--- PROBLEM STATEMENT ---
Set down exactly the lines running from the line with "Snoop Dogg, Wiz" to the end of the listing below, both ends included.

────────

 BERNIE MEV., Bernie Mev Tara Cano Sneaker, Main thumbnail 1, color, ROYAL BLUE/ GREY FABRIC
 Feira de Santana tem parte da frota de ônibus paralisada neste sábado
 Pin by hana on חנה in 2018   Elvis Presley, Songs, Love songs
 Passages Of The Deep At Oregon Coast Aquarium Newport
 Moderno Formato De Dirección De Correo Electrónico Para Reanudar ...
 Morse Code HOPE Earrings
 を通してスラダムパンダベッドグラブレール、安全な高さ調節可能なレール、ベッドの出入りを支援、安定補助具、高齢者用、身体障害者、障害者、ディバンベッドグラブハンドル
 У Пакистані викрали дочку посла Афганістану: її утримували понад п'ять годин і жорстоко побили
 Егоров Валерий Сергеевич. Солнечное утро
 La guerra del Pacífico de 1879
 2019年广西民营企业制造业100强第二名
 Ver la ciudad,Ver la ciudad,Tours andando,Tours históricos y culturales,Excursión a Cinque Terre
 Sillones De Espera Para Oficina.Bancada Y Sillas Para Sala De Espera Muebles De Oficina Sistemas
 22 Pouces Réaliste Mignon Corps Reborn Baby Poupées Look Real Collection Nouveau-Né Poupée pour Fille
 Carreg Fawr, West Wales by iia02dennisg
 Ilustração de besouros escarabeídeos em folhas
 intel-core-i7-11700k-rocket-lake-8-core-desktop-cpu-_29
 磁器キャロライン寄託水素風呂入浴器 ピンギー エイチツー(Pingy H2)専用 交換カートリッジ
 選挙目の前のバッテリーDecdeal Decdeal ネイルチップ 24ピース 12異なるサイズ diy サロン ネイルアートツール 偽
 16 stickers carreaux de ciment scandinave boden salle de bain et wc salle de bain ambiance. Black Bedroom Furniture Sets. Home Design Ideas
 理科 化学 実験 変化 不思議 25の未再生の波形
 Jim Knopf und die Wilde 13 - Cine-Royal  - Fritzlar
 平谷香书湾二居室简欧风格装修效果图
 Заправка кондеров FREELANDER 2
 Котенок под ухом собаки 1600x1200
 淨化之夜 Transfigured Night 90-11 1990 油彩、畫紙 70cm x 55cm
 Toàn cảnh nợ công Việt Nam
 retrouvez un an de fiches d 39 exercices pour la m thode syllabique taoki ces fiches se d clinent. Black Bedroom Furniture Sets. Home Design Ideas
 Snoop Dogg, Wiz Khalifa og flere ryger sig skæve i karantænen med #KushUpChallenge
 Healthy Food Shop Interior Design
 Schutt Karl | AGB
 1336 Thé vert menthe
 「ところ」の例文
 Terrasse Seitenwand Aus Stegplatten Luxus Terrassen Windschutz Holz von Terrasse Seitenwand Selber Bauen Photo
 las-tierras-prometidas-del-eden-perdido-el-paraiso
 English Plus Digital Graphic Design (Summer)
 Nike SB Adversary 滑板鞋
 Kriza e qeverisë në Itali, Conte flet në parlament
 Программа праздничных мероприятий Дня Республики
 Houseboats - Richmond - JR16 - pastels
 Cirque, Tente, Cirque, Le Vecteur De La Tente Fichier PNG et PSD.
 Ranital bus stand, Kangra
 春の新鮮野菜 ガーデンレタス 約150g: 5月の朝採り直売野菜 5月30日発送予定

────────

--- OUTPUT FOR THIS TASK ---
 Snoop Dogg, Wiz Khalifa og flere ryger sig skæve i karantænen med #KushUpChallenge
 Healthy Food Shop Interior Design
 Schutt Karl | AGB
 1336 Thé vert menthe
 「ところ」の例文
 Terrasse Seitenwand Aus Stegplatten Luxus Terrassen Windschutz Holz von Terrasse Seitenwand Selber Bauen Photo
 las-tierras-prometidas-del-eden-perdido-el-paraiso
 English Plus Digital Graphic Design (Summer)
 Nike SB Adversary 滑板鞋
 Kriza e qeverisë në Itali, Conte flet në parlament
 Программа праздничных мероприятий Дня Республики
 Houseboats - Richmond - JR16 - pastels
 Cirque, Tente, Cirque, Le Vecteur De La Tente Fichier PNG et PSD.
 Ranital bus stand, Kangra
 春の新鮮野菜 ガーデンレタス 約150g: 5月の朝採り直売野菜 5月30日発送予定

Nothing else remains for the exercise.